Try it. Copy out the full listing below as it stands, with its pictures left behind.

Exercise data.

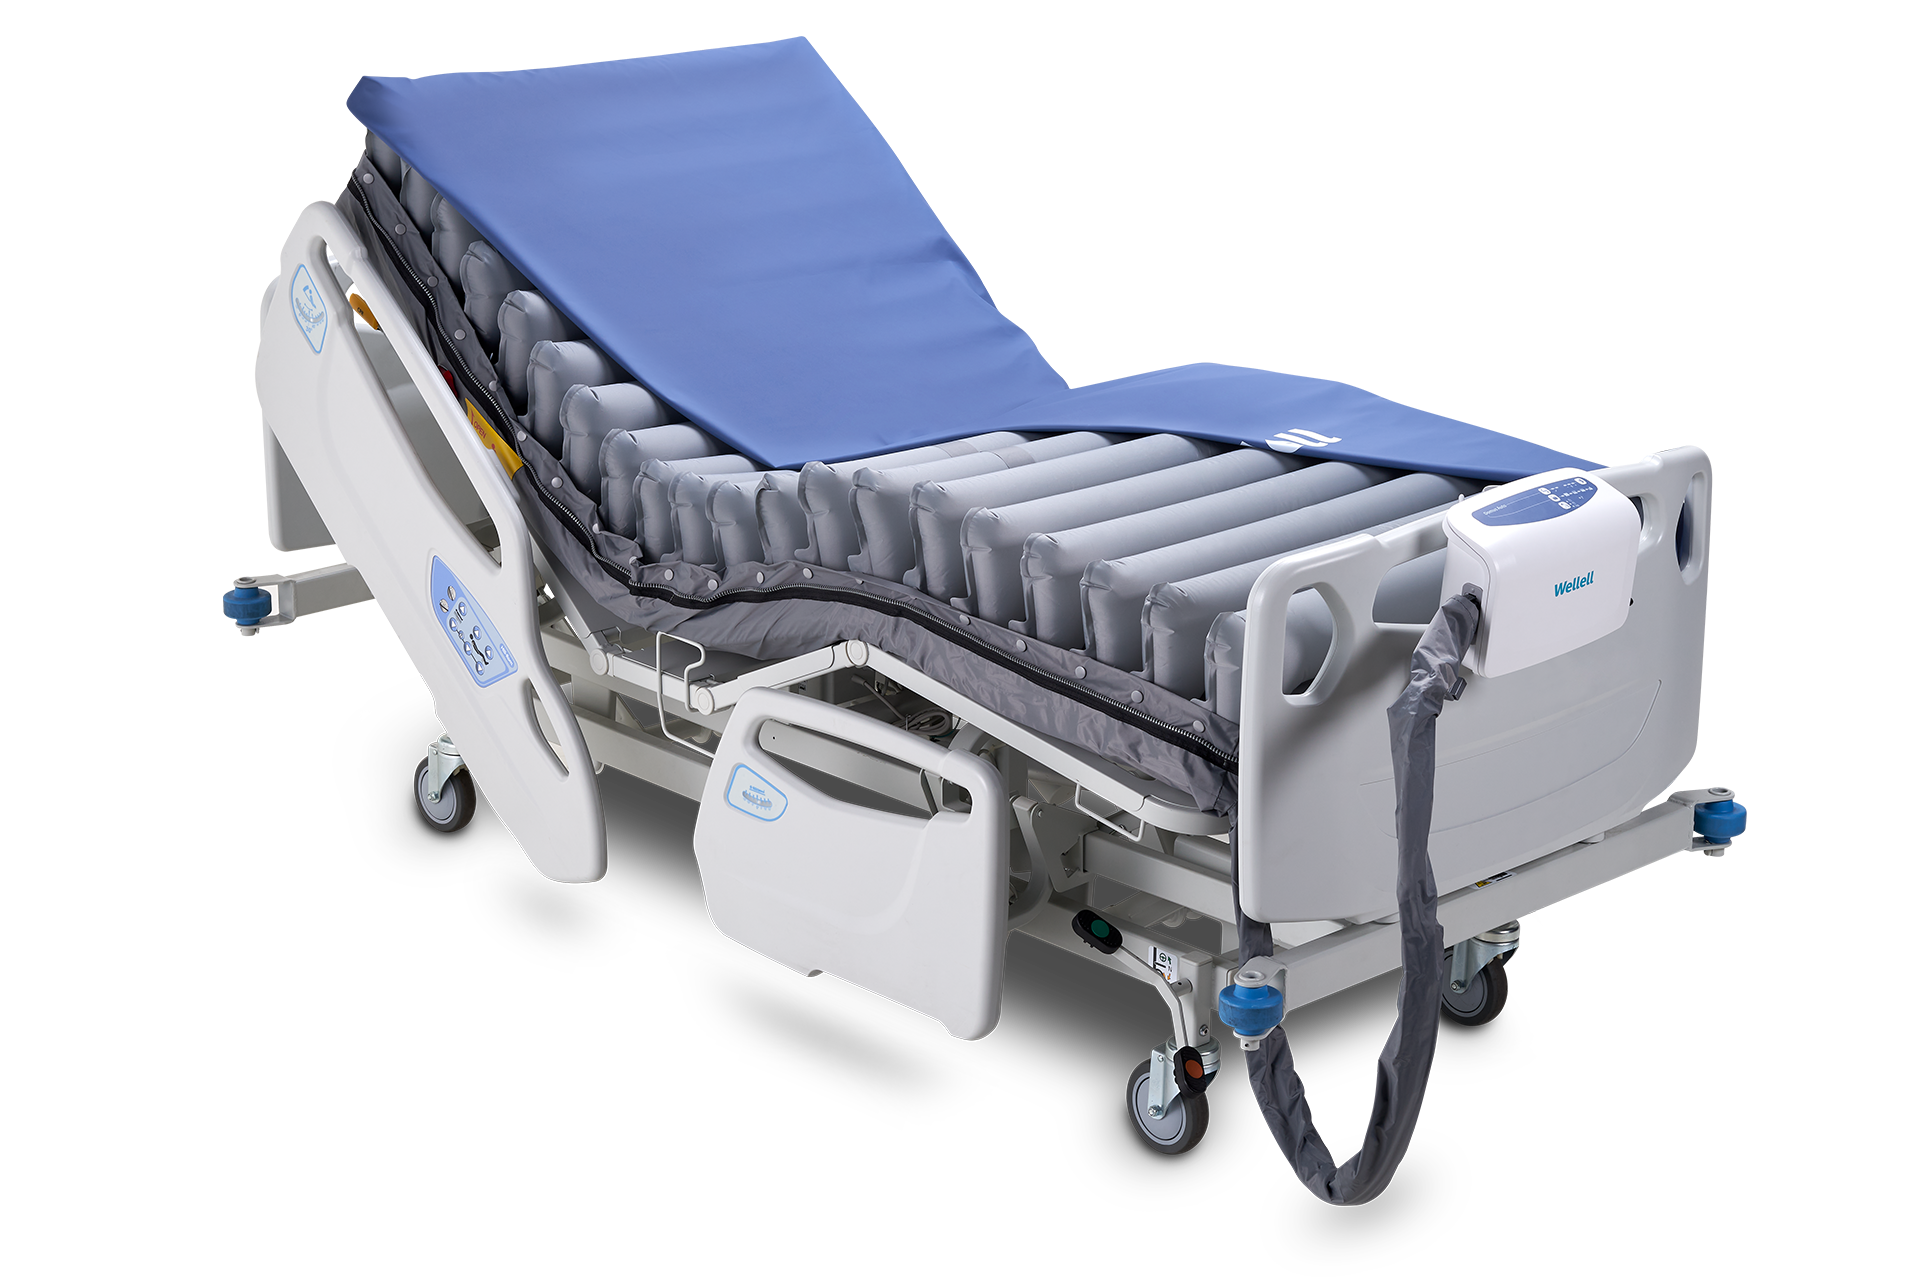 Domus 4 - Medical Bed - Wellell
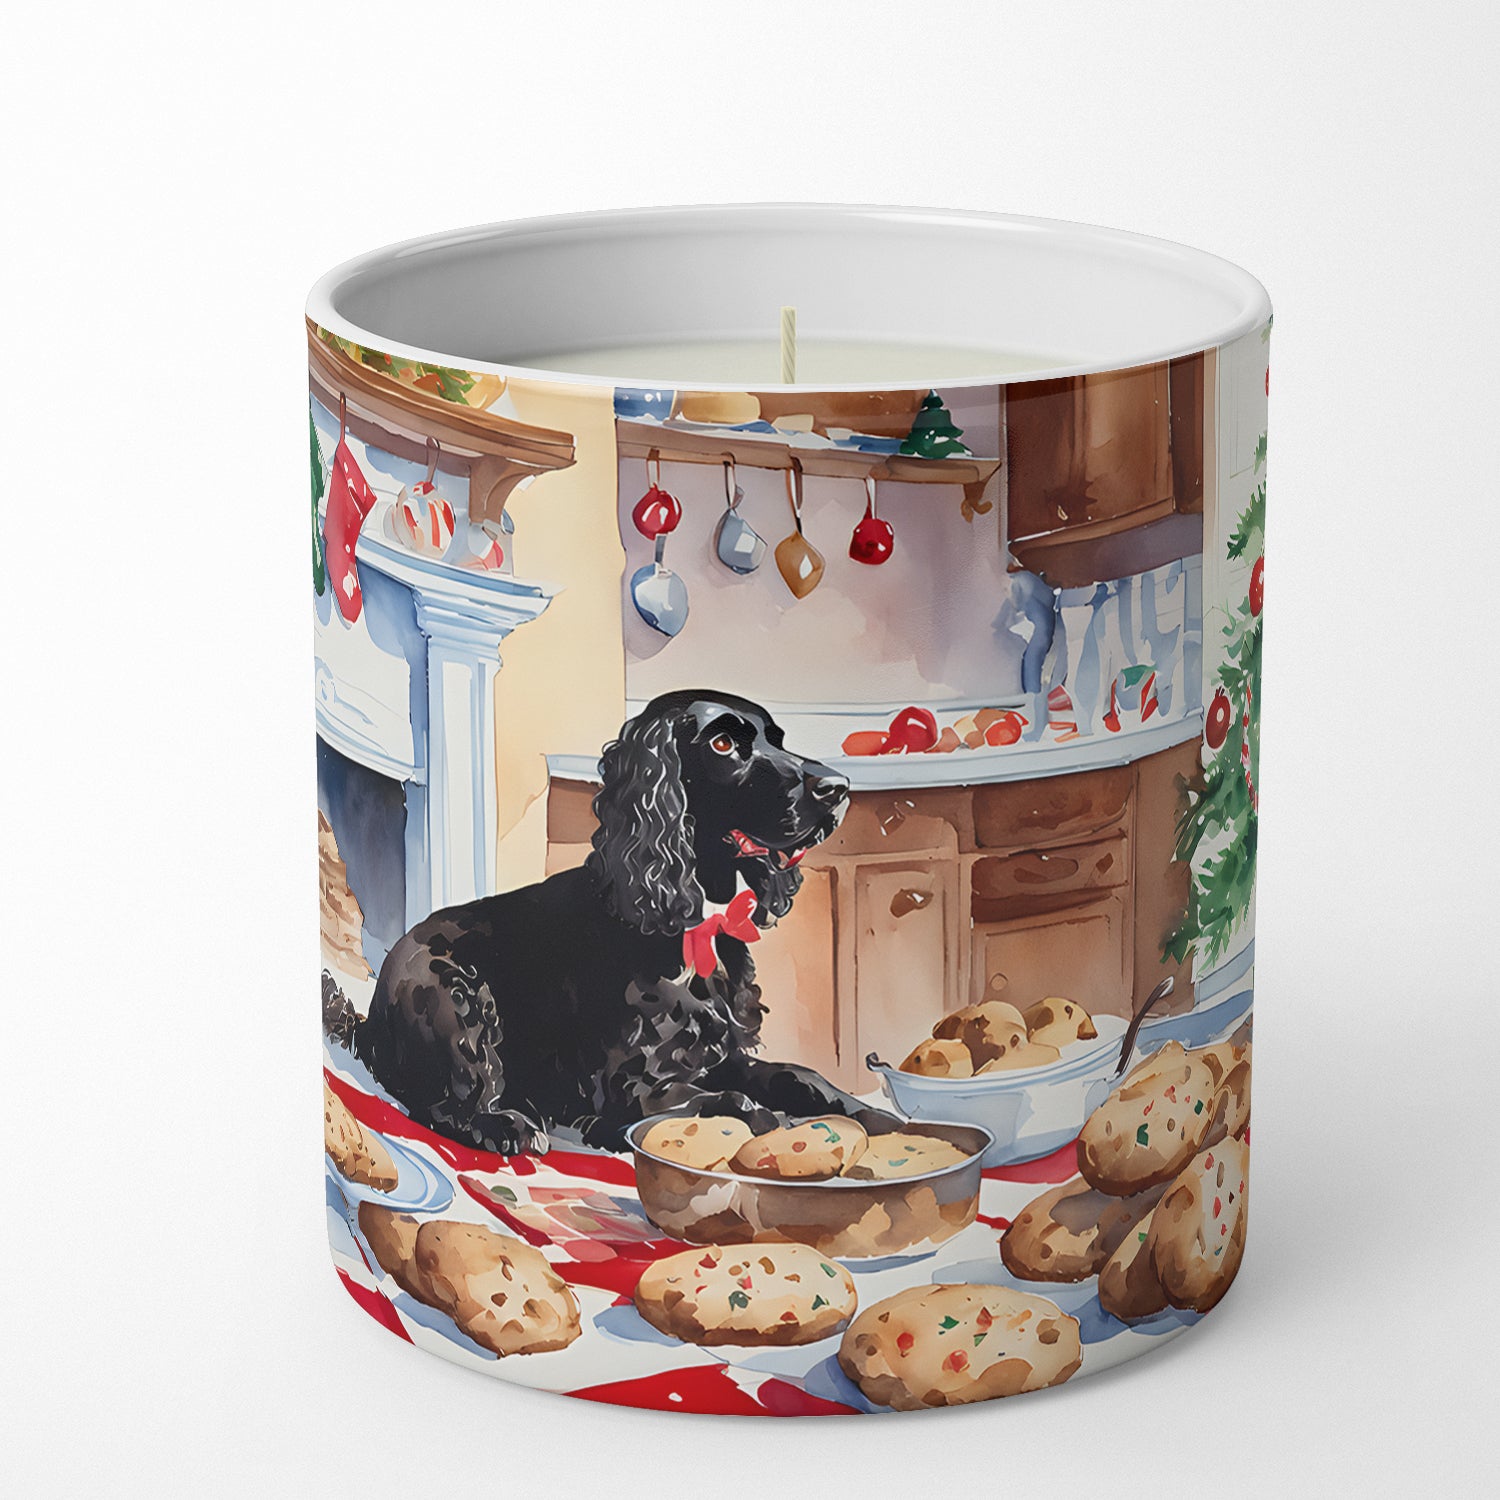 American Water Spaniel Christmas Cookies Decorative Soy Candle
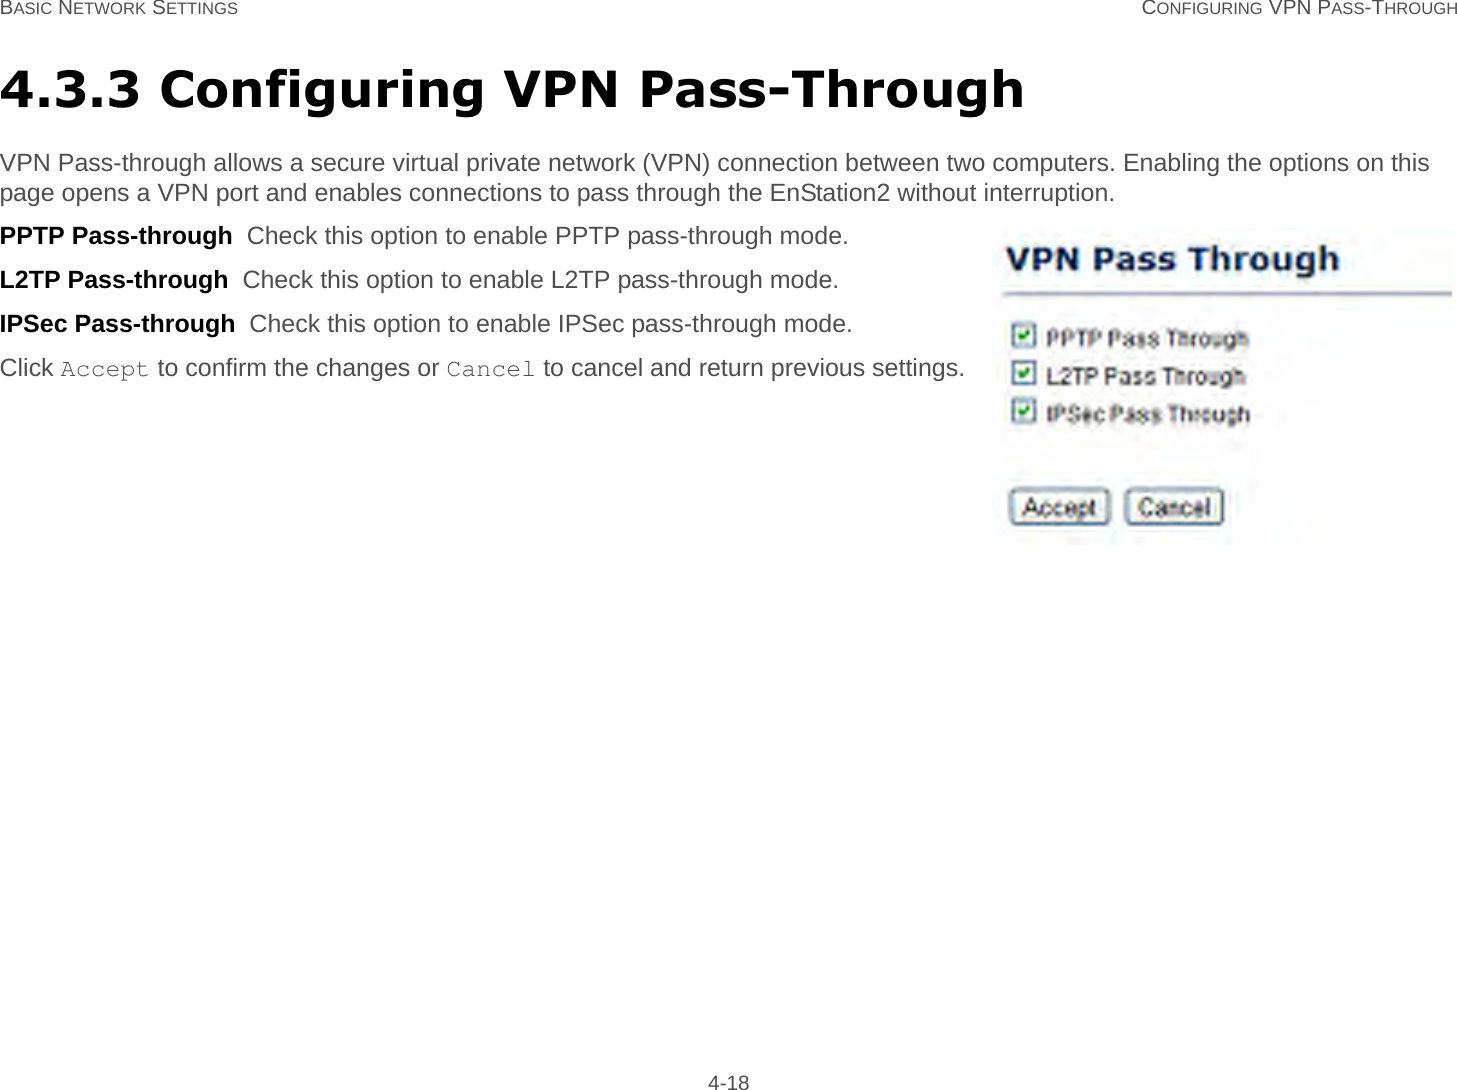 BASIC NETWORK SETTINGS CONFIGURING VPN PASS-THROUGH 4-184.3.3 Configuring VPN Pass-ThroughVPN Pass-through allows a secure virtual private network (VPN) connection between two computers. Enabling the options on this page opens a VPN port and enables connections to pass through the EnStation2 without interruption.PPTP Pass-through  Check this option to enable PPTP pass-through mode.L2TP Pass-through  Check this option to enable L2TP pass-through mode.IPSec Pass-through  Check this option to enable IPSec pass-through mode.Click Accept to confirm the changes or Cancel to cancel and return previous settings.
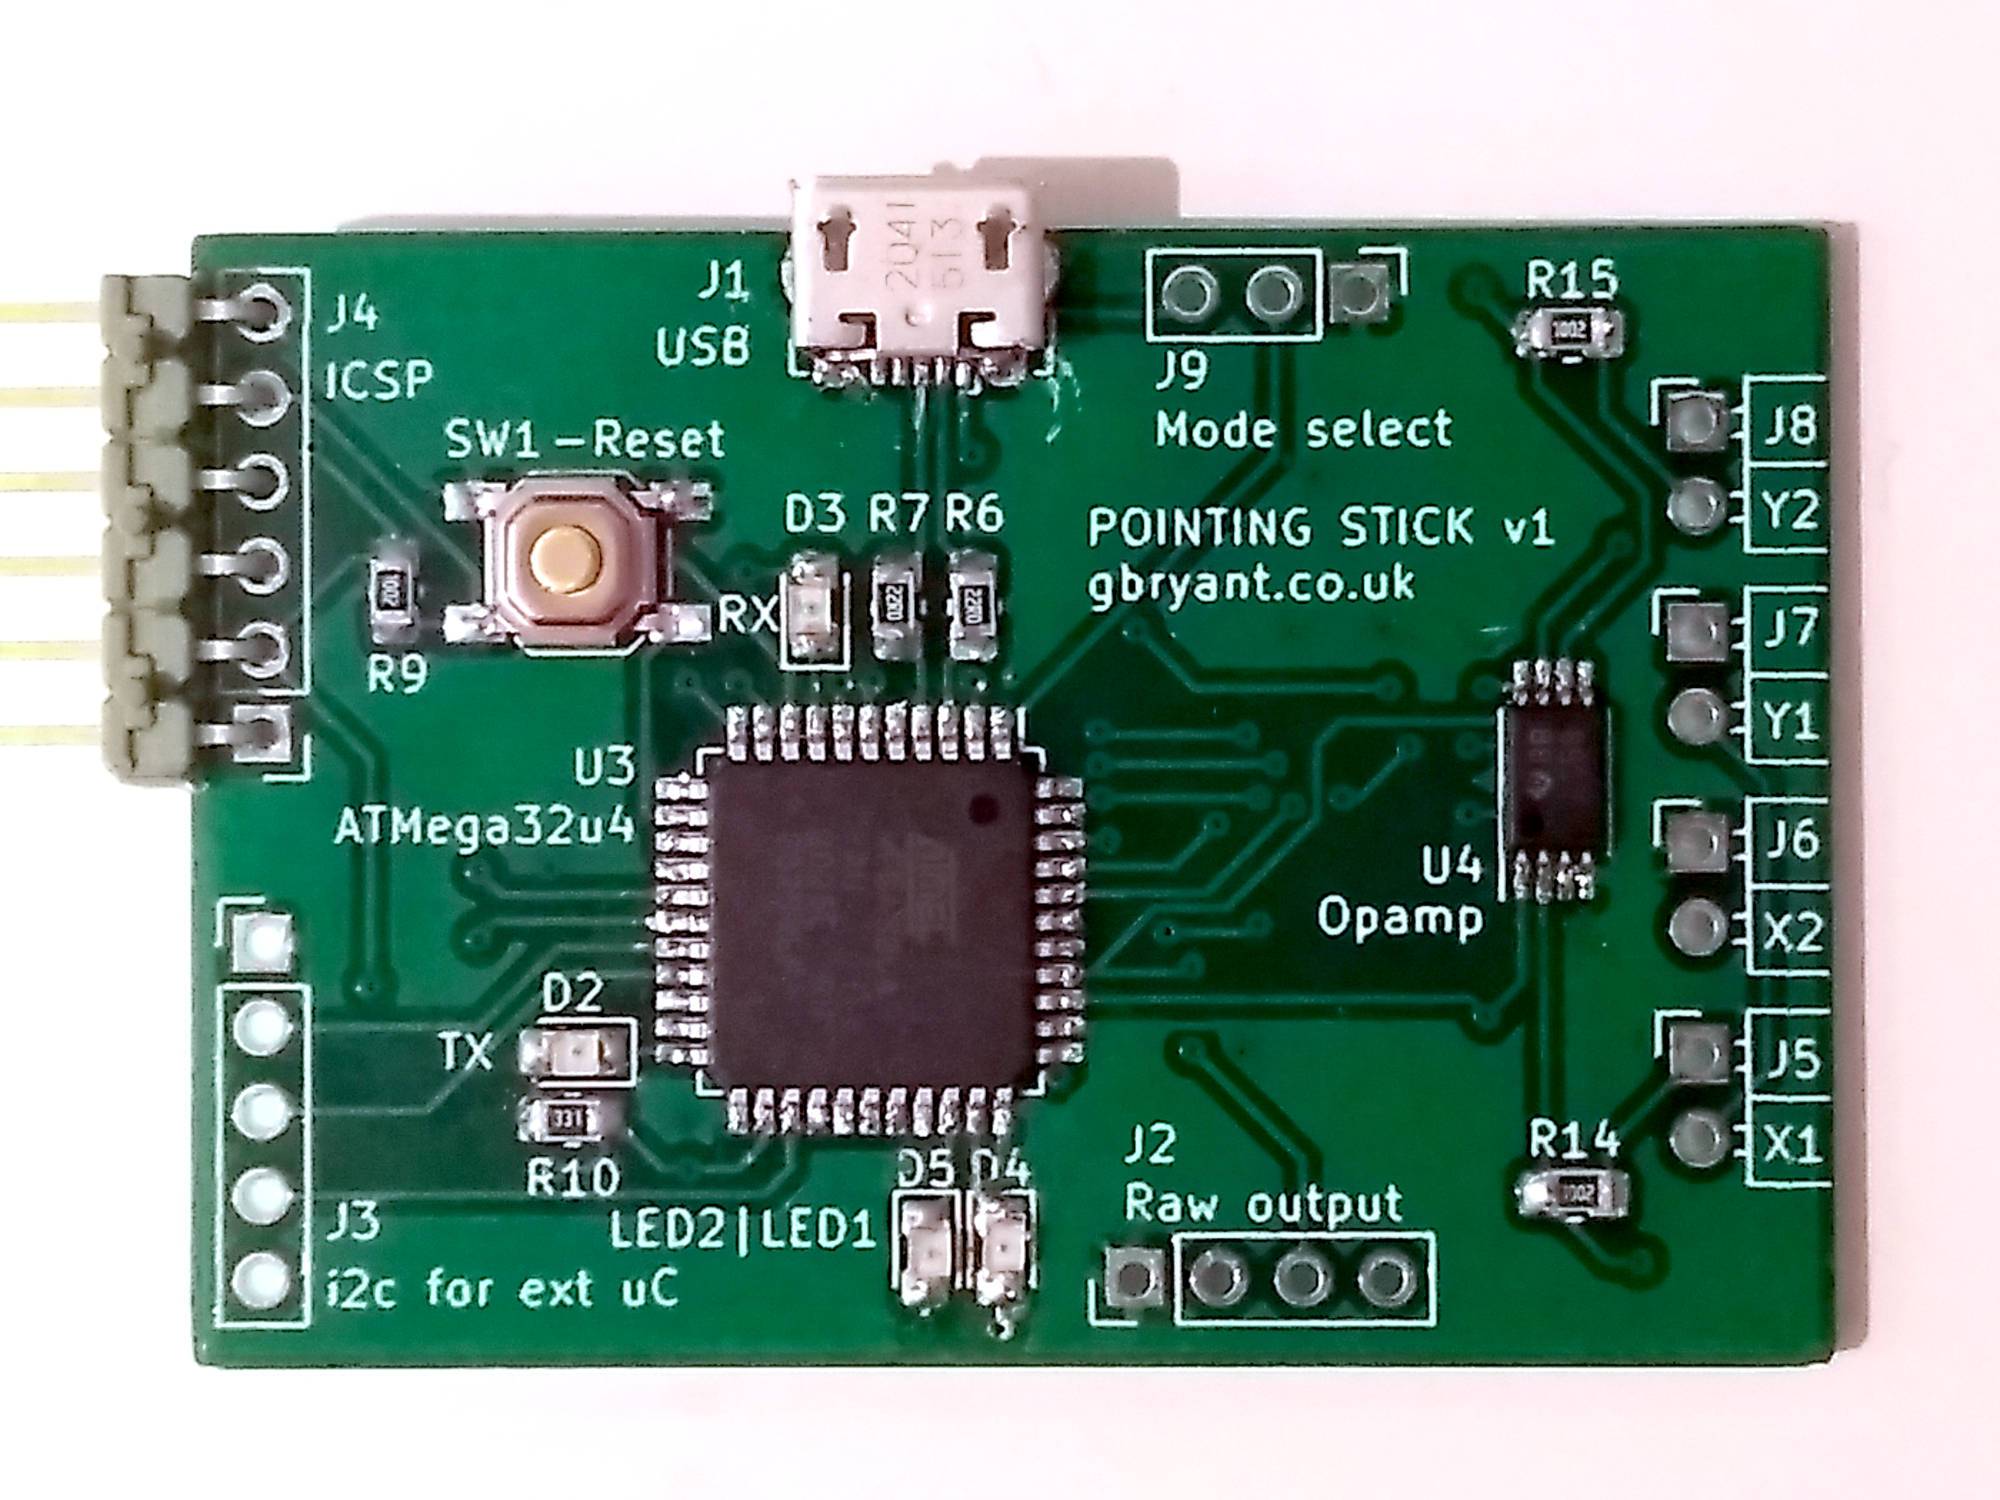 Photo of my assembled pointing stick PCB

Solved exercise.
 Domus 4 - Medical Bed - Wellell
 American Water Spaniel Christmas Cookies Decorative Soy Candle
 BASIC NETWORK SETTINGS CONFIGURING VPN PASS-THROUGH 4-184.3.3 Configuring VPN Pass-ThroughVPN Pass-through allows a secure virtual private network (VPN) connection between two computers. Enabling the options on this page opens a VPN port and enables connections to pass through the EnStation2 without interruption.PPTP Pass-through  Check this option to enable PPTP pass-through mode.L2TP Pass-through  Check this option to enable L2TP pass-through mode.IPSec Pass-through  Check this option to enable IPSec pass-through mode.Click Accept to confirm the changes or Cancel to cancel and return previous settings.
 Photo of my assembled pointing stick PCB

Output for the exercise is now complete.